Method and System for creating Dynamic Neural Function Libraries

Abstract

The current invention comprises a function library and relates to Artificial Intelligence systems and devices. Within a Dynamic Neural Network (the “Intelligent Target Device”) training model values are autonomously generated in during learning and stored in synaptic registers. One instance of an Intelligent Target Device is the “Autonomous Learning Dynamic Artificial Neural Computing Device and Brain Inspired System”, described in patent application number 20100076916 and referenced in whole in this text. A collection of values that has been generated in synaptic registers comprises a training model, which is an abstract model of a task or a process that has been learned by the intelligent target device. A means is provided within the Intelligent Target Device to copy the training model to computer memory. A collection of such training model sets are stored within a function library on a computer storage facility, such as a disk, CD, DVD or other means.

Description

The present invention relates to a method of accessing learned functions in an intelligent target device, such as the “Autonomous Learning Dynamic Artificial Neural Computing Device and Brain Inspired System” referenced in patent application number 20100076916 and, in particular to a method of accessing value sets, representing learned functions, held in a function library in a computing device. The present invention also relates to an intelligent target device controlled by the method.

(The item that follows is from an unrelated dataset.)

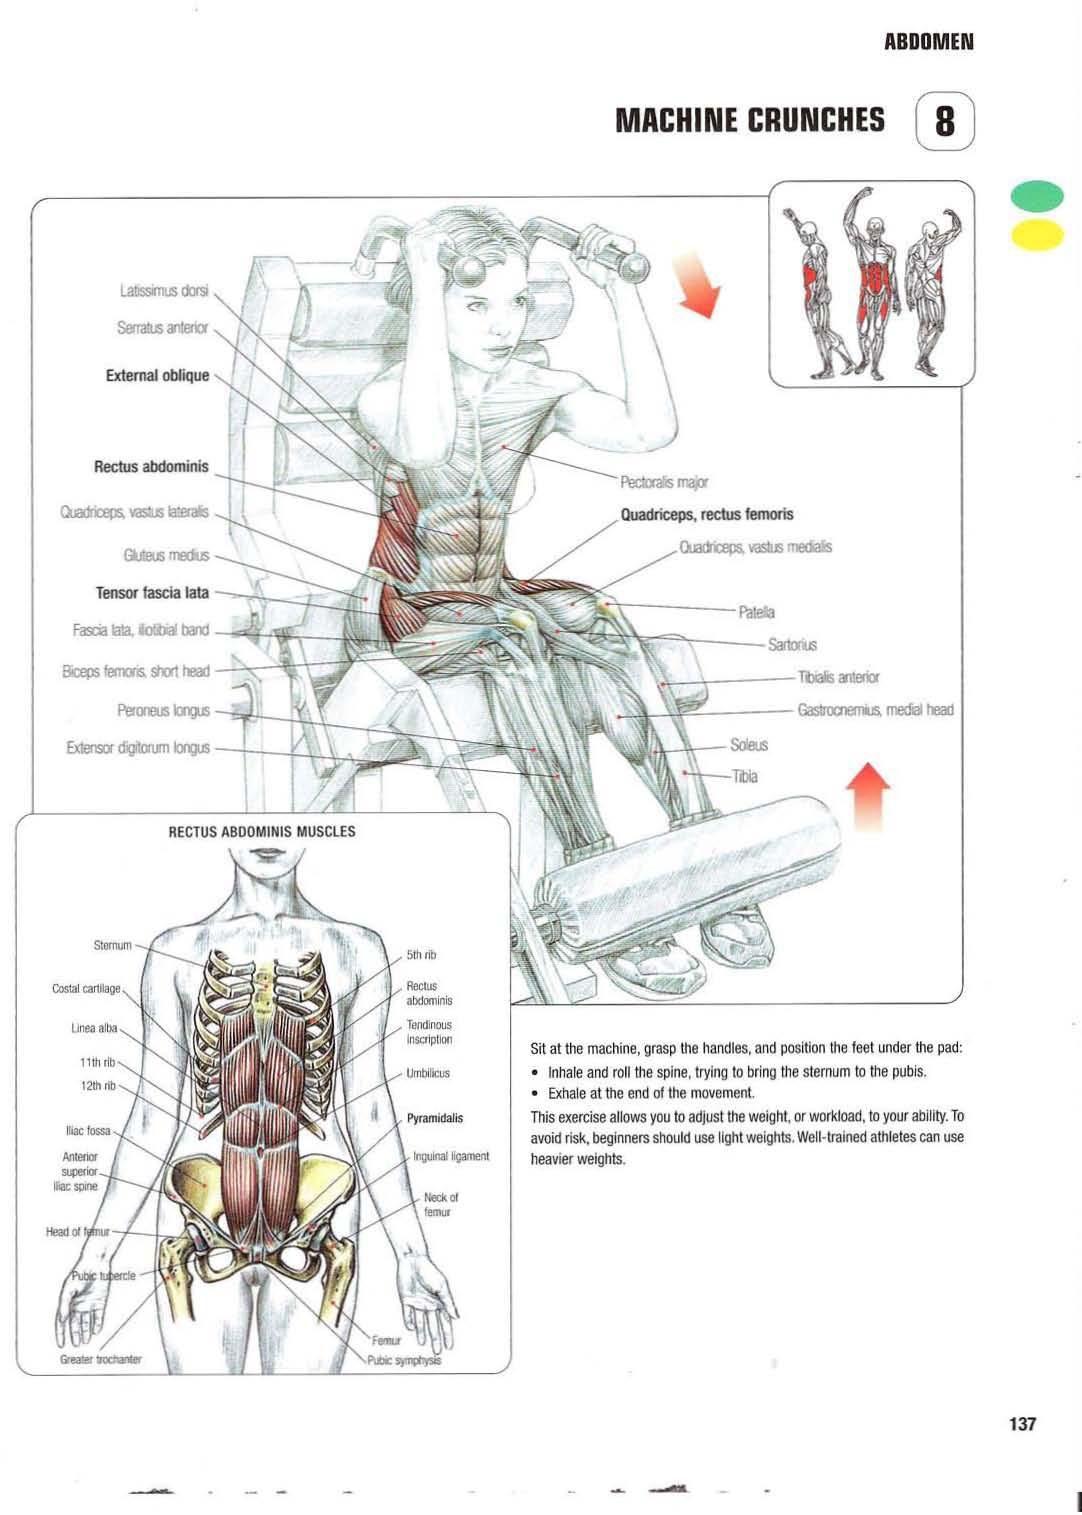 Strength Training Anatomy 8 Machine Crunches Abs Core Six Pack

The term computing device as used herein is to be widely construed to cover any form of electrical device and includes microcontrollers and wired information devices.

The intelligent target device operates under the control of an operating device. The operating device can be regarded as the values that are stored in synaptic registers. The stored control values determine the behavior of individual processing nodes of the intelligent target device. The control values are autonomously generated by the intelligent target device.

The intelligent target device learns autonomously from an input stream that is generated by one or more sensory devices, and modifies values in synaptic registers that determine the behavior of a processing node. The output of the processing node is a pulse, or a sequence of pulses, which represent the integrated time relationship between input pulses, and stored values that represent the learned timing sequence and relative positioning of previously received pulses. The timing sequence and relative positioning represents temporal-spatial patterns in the input stream, expressed as values in synaptic registers. The contents of synaptic registers comprise control values. The Dynamic Neural Function Library contains sets of such control values, representing learned tasks.

Each learned task is a precious resource. Especially complex tasks, such as the recognition of objects or human speech, can take a long time to evolve through learning. Constructing such complex tasks on simpler task training models that are uploaded from a library helps to shorten training time, as well as creating a more structured hierarchical approach to training the Intelligent Target Device

Human knowledge is hierarchical in nature, in which complex knowledge is layered on top of simpler, more basic knowledge. Before a child can learn to speak, it needs to be able to understand spoken words. Spoken words consist of phonemes, which consist of consonants and vowels, which consist of specific frequencies. A child therefore learns in early infancy to recognize frequencies, then learns to recognize specific sounds representing vowels and consonants. Subsequently the child learns to recognize phonemes and eventually whole words and words in context in sentences. The child learns to associate words with objects, to associate between information received by the auditory cortex and information received by the visual cortex.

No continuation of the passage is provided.